El dueño y el esclavo

Apropósito del coronavirus, señalaba usted acertadamente, en su última carta, esta posibilidad: que, hagamos lo que hagamos, es posible que nos equivoquemos siempre. Quizás esta conciencia fatalista y algo apocalíptica ha llevado a muchos gobiernos -no al uruguayo, según creo- a atreverse a tomar cualquier medida just in case, pensando que no habrían de pagar costo político alguno. Y así, las sociedades de todo el mundo han consumado lo hasta ahora inimaginable: cerraron sus economías y dejaron sin trabajo a decenas de millones de persona, arbitrando al azar unas vidas por otras. El efecto más visible, extendido y profundo, de estas decisiones, ha sido privar a un gran número, y en gran medida, de su libertad.

Es muy interesante y curioso que una sociedad masivamente entregada al hedonismo de lo efímero haya sentido, sin embargo, esa pérdida propiamente metafísica. Pero, ¿de qué hablamos cuando hablamos de libertad?

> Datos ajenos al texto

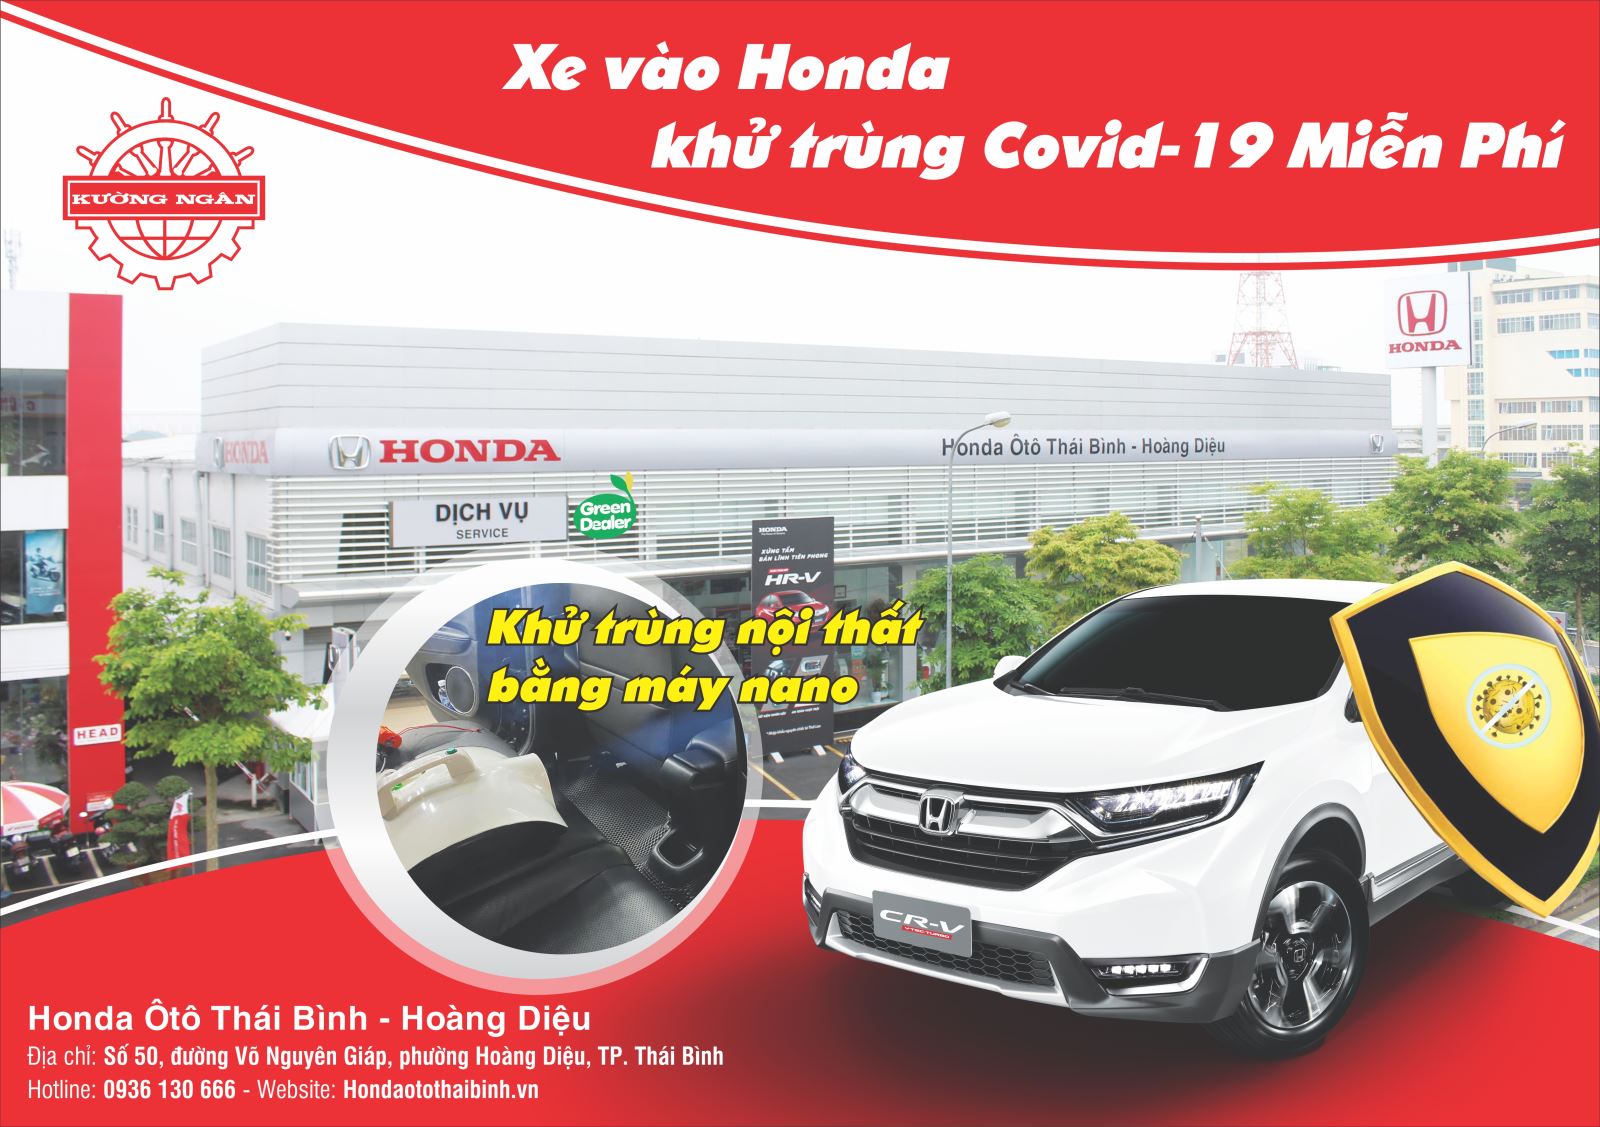 Chương trình khử trùng tất cả các xe đến làm Dịch vụ tại Honda Ôtô Thái Bình-Hoàng Diệu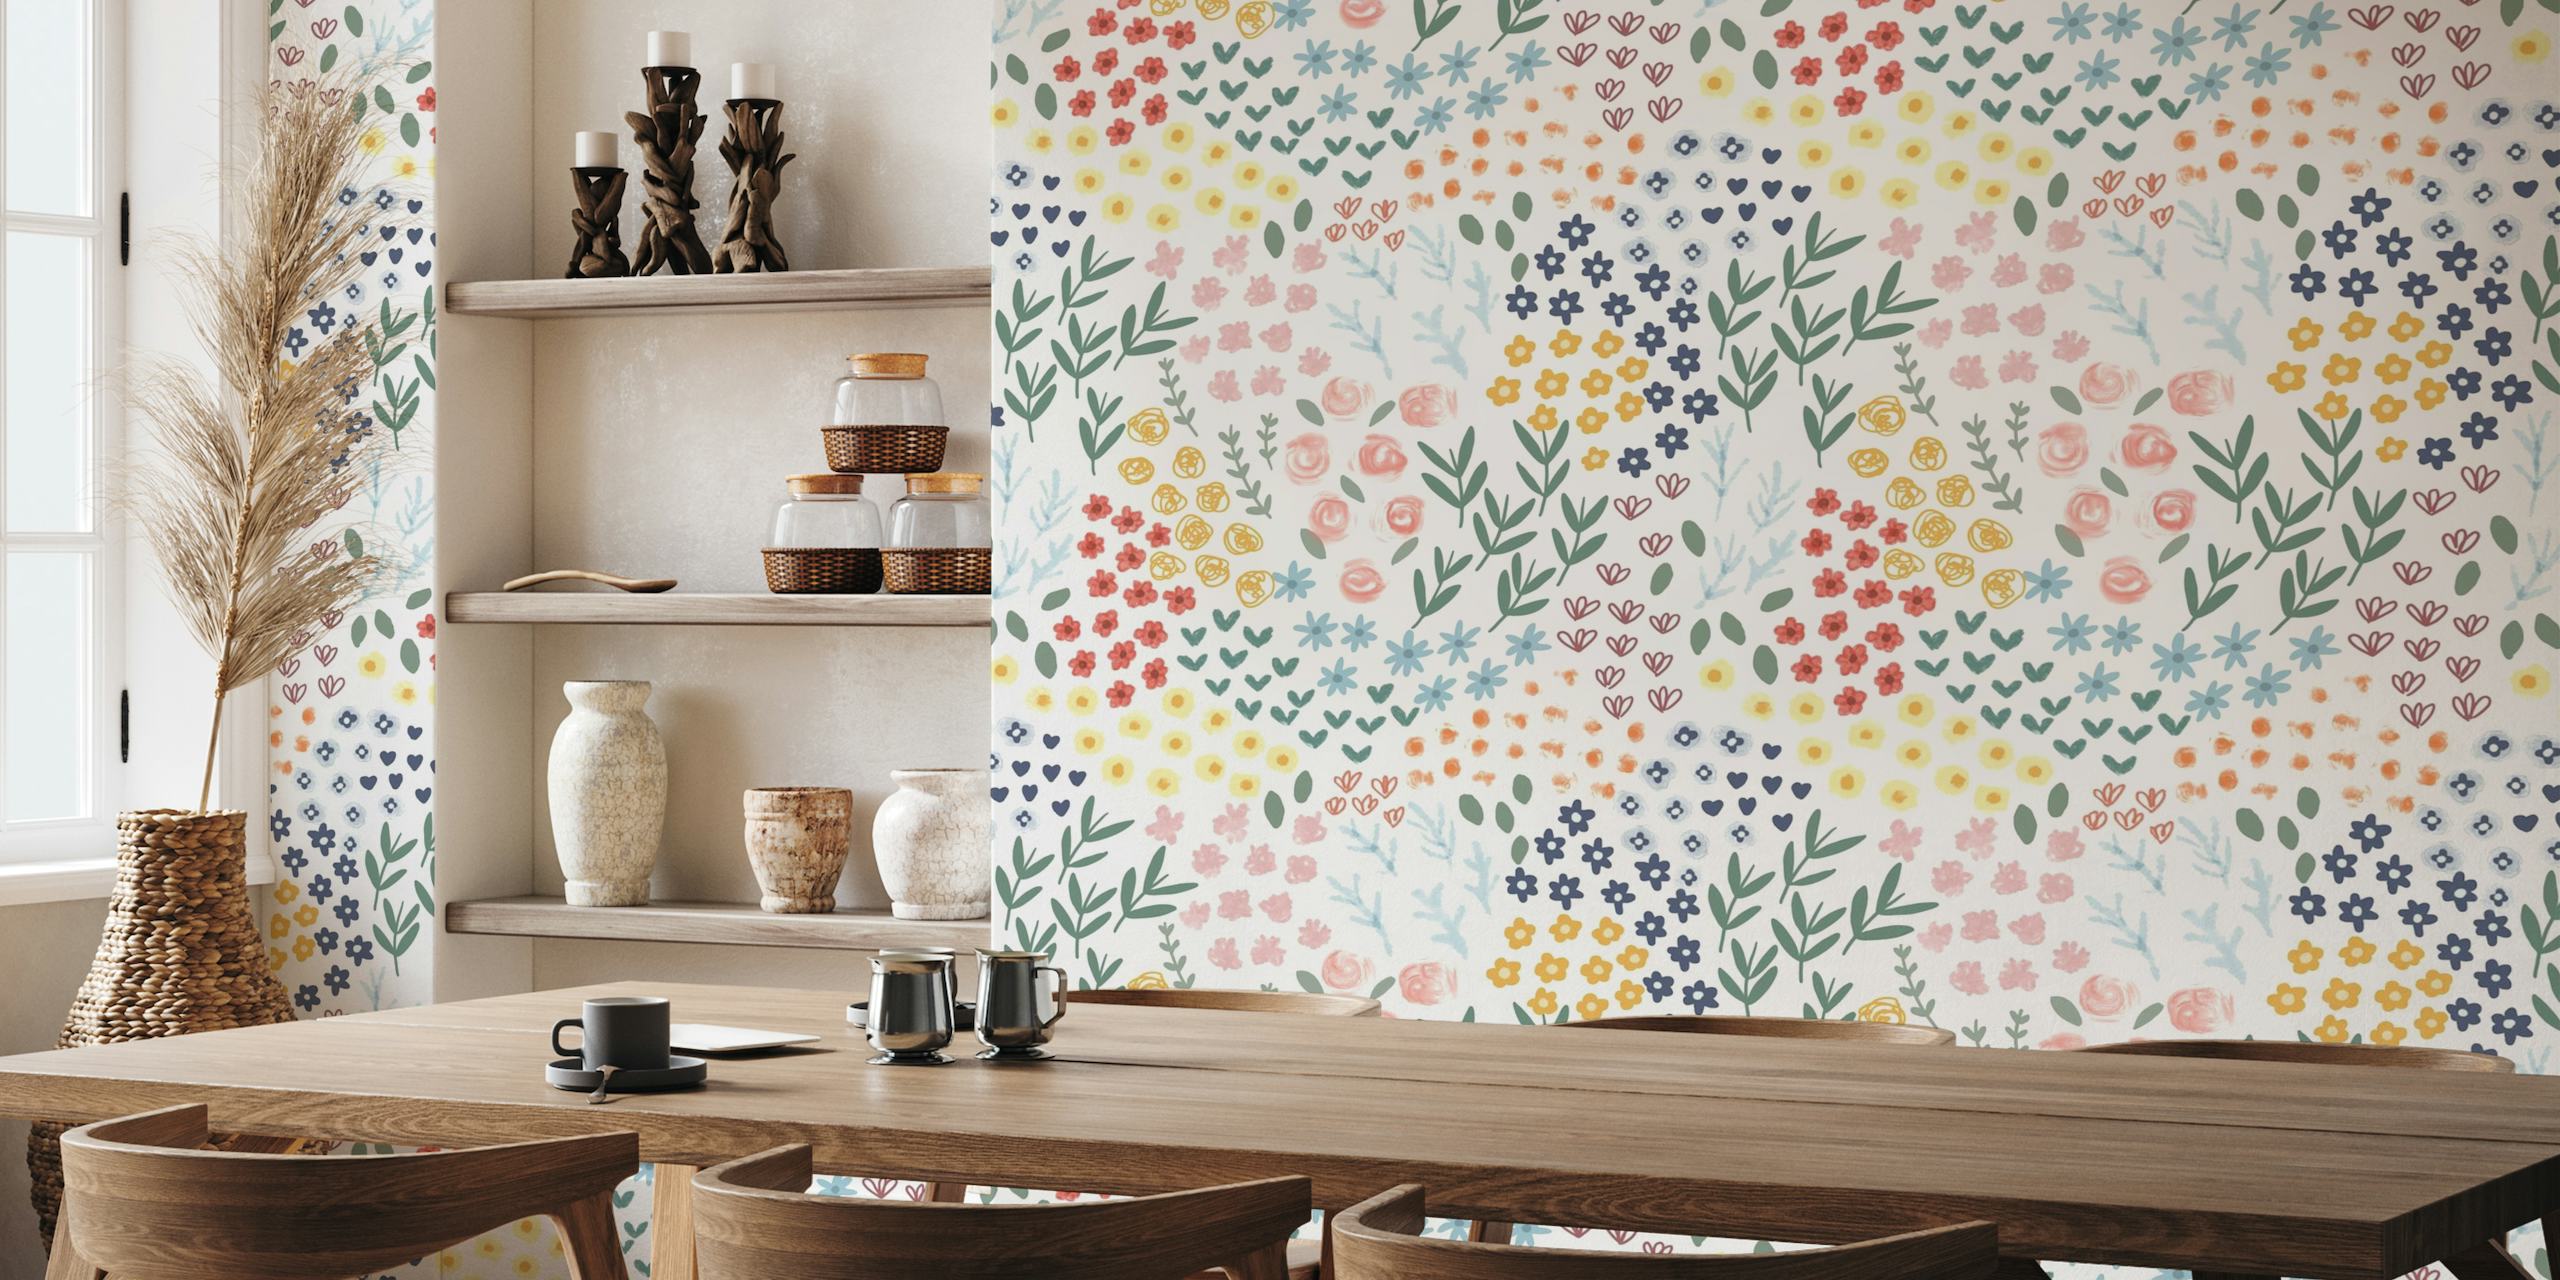 Mural de parede floral patchwork com uma paleta pastel de flores estilizadas e vegetais

Partiendo de la experiencia común de estos meses, diríamos que no puede haber libertad donde hay coacción. Si no me dejan salir de mi casa, está claro que no soy libre. Invirtiendo la ecuación, podemos pensar que libertad y ausencia de coacción se identifican. Pero sería una identificación meramente negativa. Además, no basta con la falta de coacción para ser libre. Si Boris Johnson y sus semejantes no nos hubieran encerrado en nuestros hogares, no por eso nos habríamos convertido ipso facto en personas libres. Para merecer el honor de serlo aún debe verificarse en nosotros cierto propósito: una intencionalidad. Querer hacer lo que hacemos. Ser dueños de nuestros actos. 

La primera condición, la de la falta de coacción, ha sido razonada por Aristóteles en su libro Sobre el Alma, con este conciso y fantástico (en el sentido que le daría Edgar Allan Poe al adjetivo) argumento: el alma humana no se conmueve necesariamente por ninguna cosa sensible, debido a su naturaleza espiritual, inmaterial. En efecto, si espíritu es igual a infinito, ¿qué algo podría satisfacer a alguien cuyo objeto natural es el todo? La traducción de Guillermo de Moerbeke popularizó esta expresión del Estagirita: Anima est quodammodo omnia… ¡El alma humana es todas las cosas! La conclusión es que nada puede conmover necesariamente a un ser humano, ni coaccionarlo realmente. Y si los animales, al estar sometidos al instinto, siguen necesariamente sus apetitos, el hombre está -curiosamente- por encima de ellos.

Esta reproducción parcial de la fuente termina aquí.